We also acknowledge that the online experiences of youth will evolve over time. For example, while Instagram was showcased as a social media environment with significant current attraction, different networking platforms may come to be more popular in the future. In fact, completely novel ways for acquiring information and for communicating may become the order of the day, tomorrow. While the methods and approaches presented in this paper are designed to still be functional in entirely new contexts, it will always be useful for educators and technology experts to be aware of the current attention of youth.

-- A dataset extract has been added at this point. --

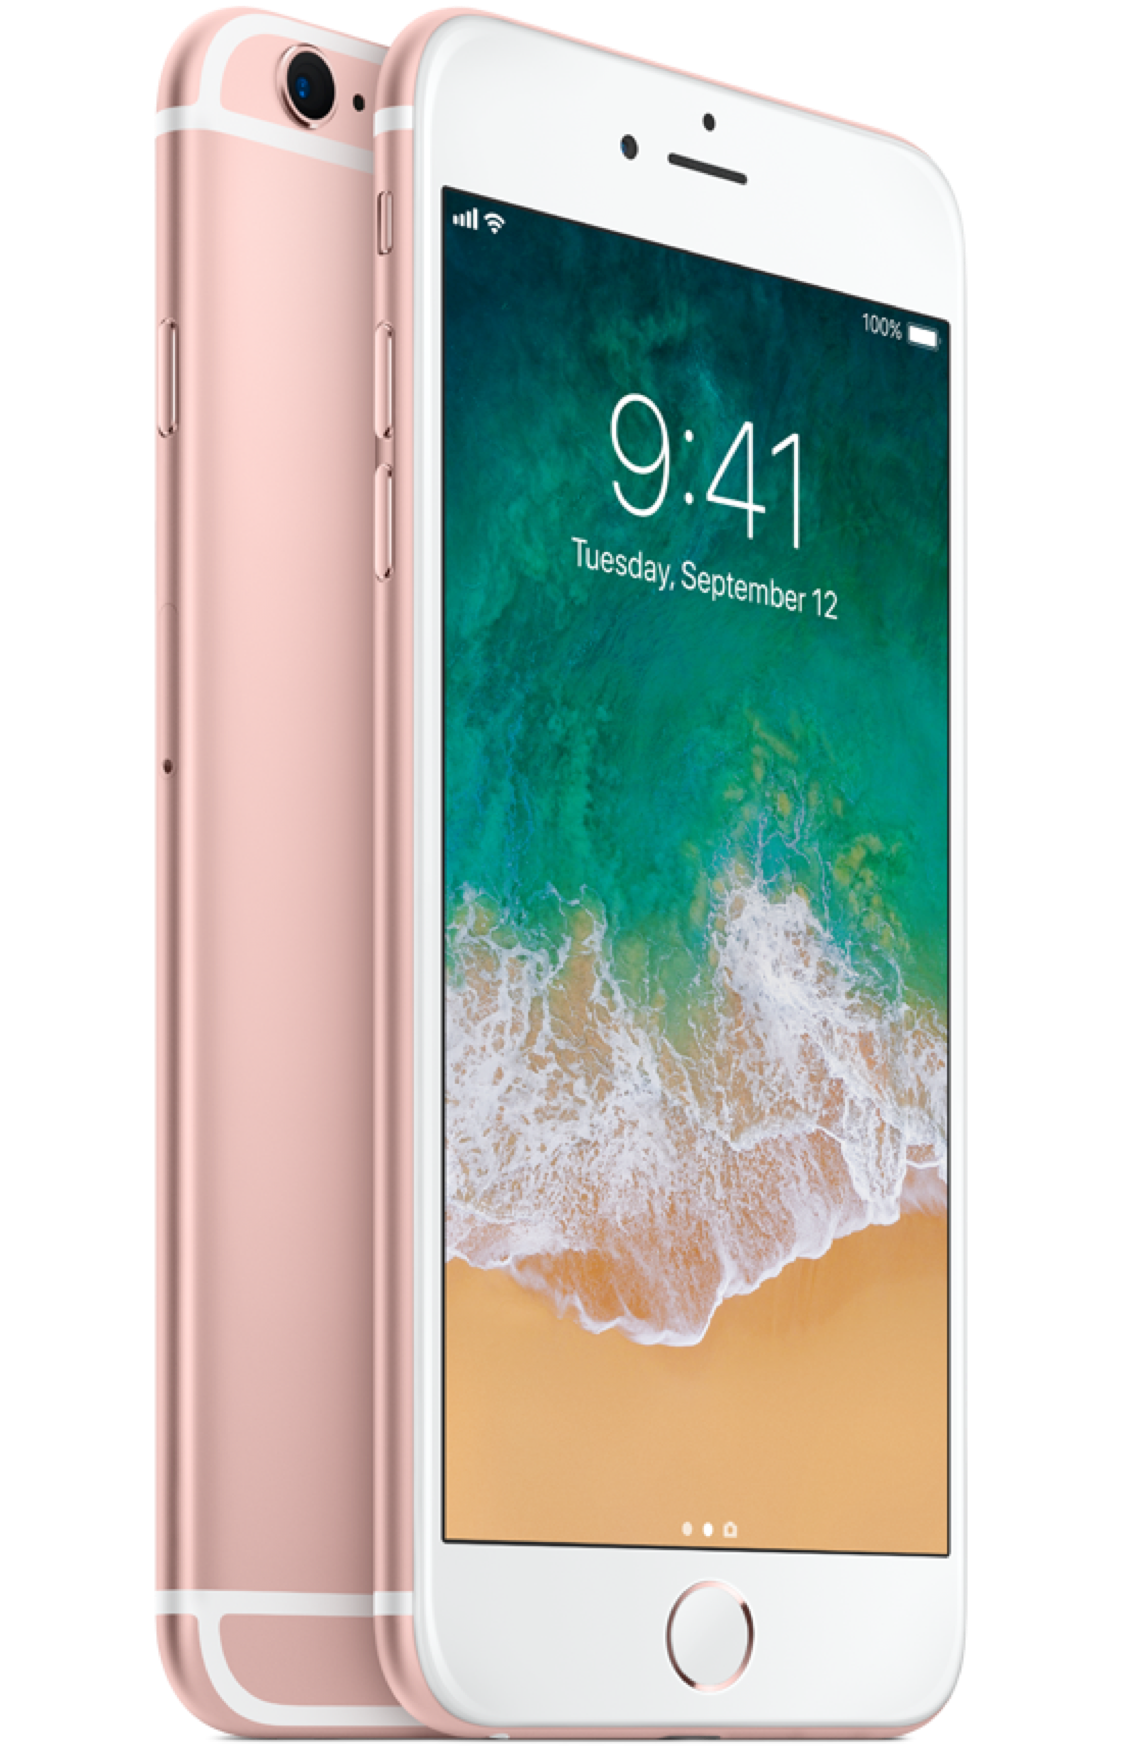 Apple Iphone 6s Plus 16gb Rose Gold Refurbished Boost Mobile Iphone Apple Iphone Iphone 6s Rose Gold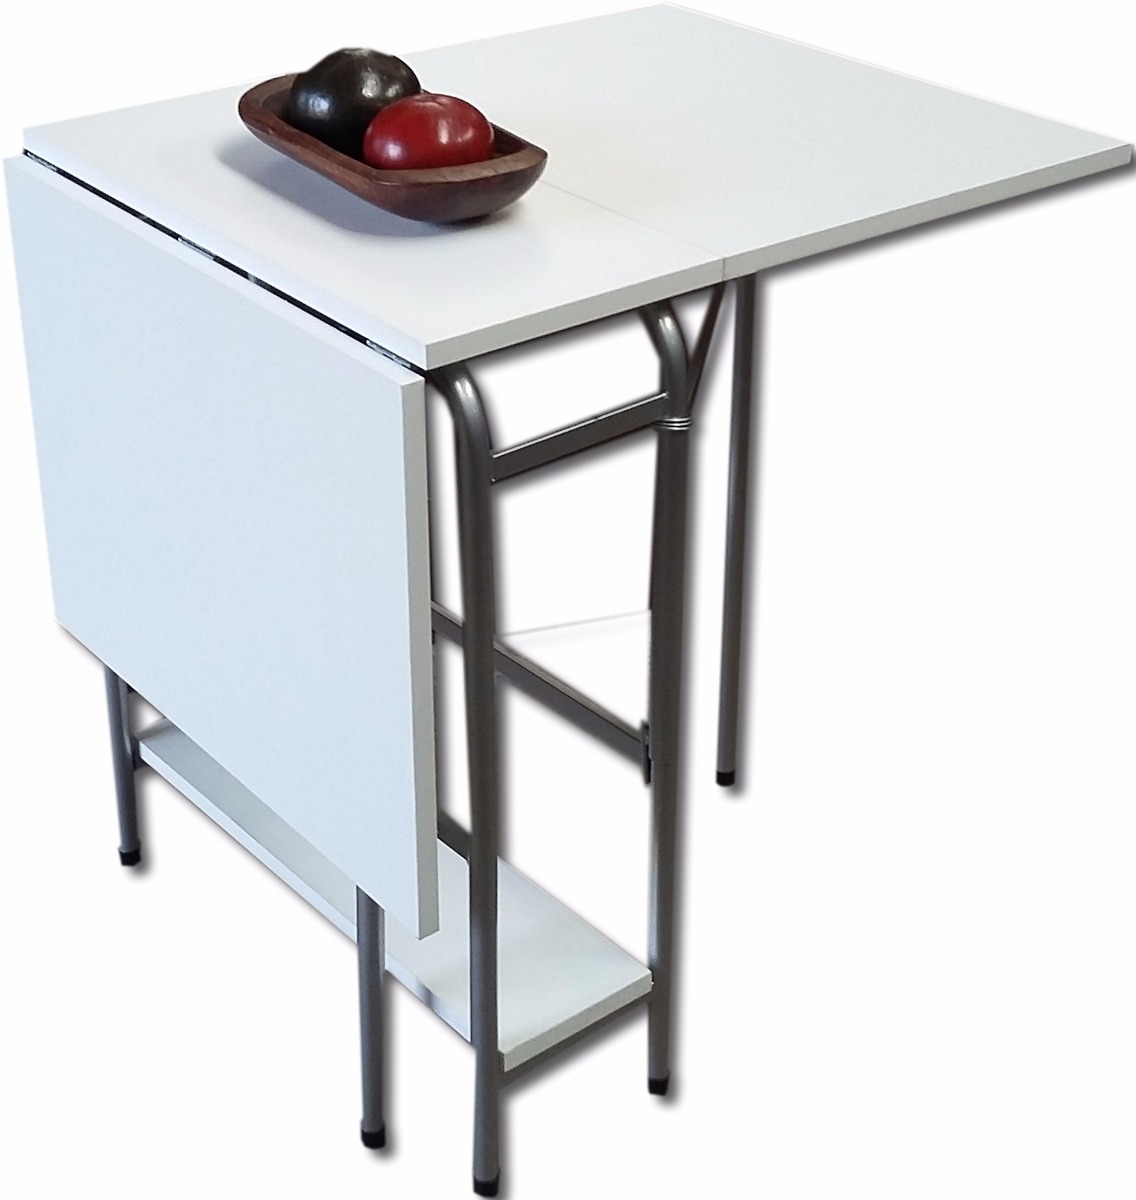 2 Plegable 1 6 Extensible Mesa Automatica X Mini Cocina 13lKJFcT

Valuable opportunities to bring together researchers from different disciplines have occurred recently (such as Joel Breakstone’s introduction to the Stanford History project at the 2017 Weblogs and Social Media conference (ICWSM 2017 Workshop on Digital Misinformation, 2017; Ciampaglia, Mantzarlis, Maus, & Menczer, 2018)), a venue with heavy participation from computer scientists) and efforts such as these must continue.

NOTES

1https://www.amazon.com

2Ideally, incorrect/correct would be a better choice to represent the black-/white-listed URL but we are abusing the meaning slightly here.

3An evidence link is a web page which contains description of an event that might help in assessing the validity of a claim.

4Vectors, to be more precise.

5Coauthor G.Sahu is involved in running the Leaders Prize competition through the AI Institute of the University of Waterloo. Entrants are tasked with properly identifying whether a source is true or false, on a large set of sample texts. See https://leadersprize.truenorthwaterloo.com/en/.

6An F1-score reflects how well the algorithm is performing, but not in terms of the more standard unit of accuracy but as the harmonic mean of precision and recall. A score of 100% represents perfect prediction. For the Leaders Prize, the top competitor had a score of ~54%. Machine Reading Comprehension of lengthy content is still an active area of research (Das, Munkhdalai, Yuan, Trischler, & McCallum, 2018; Nguyen et al., 2016).

7We are aware that actually approving changes to provincial curriculum documents is often slow to happen.

Conflicts of Interest

The authors declare no conflicts of interest regarding the publication of this paper.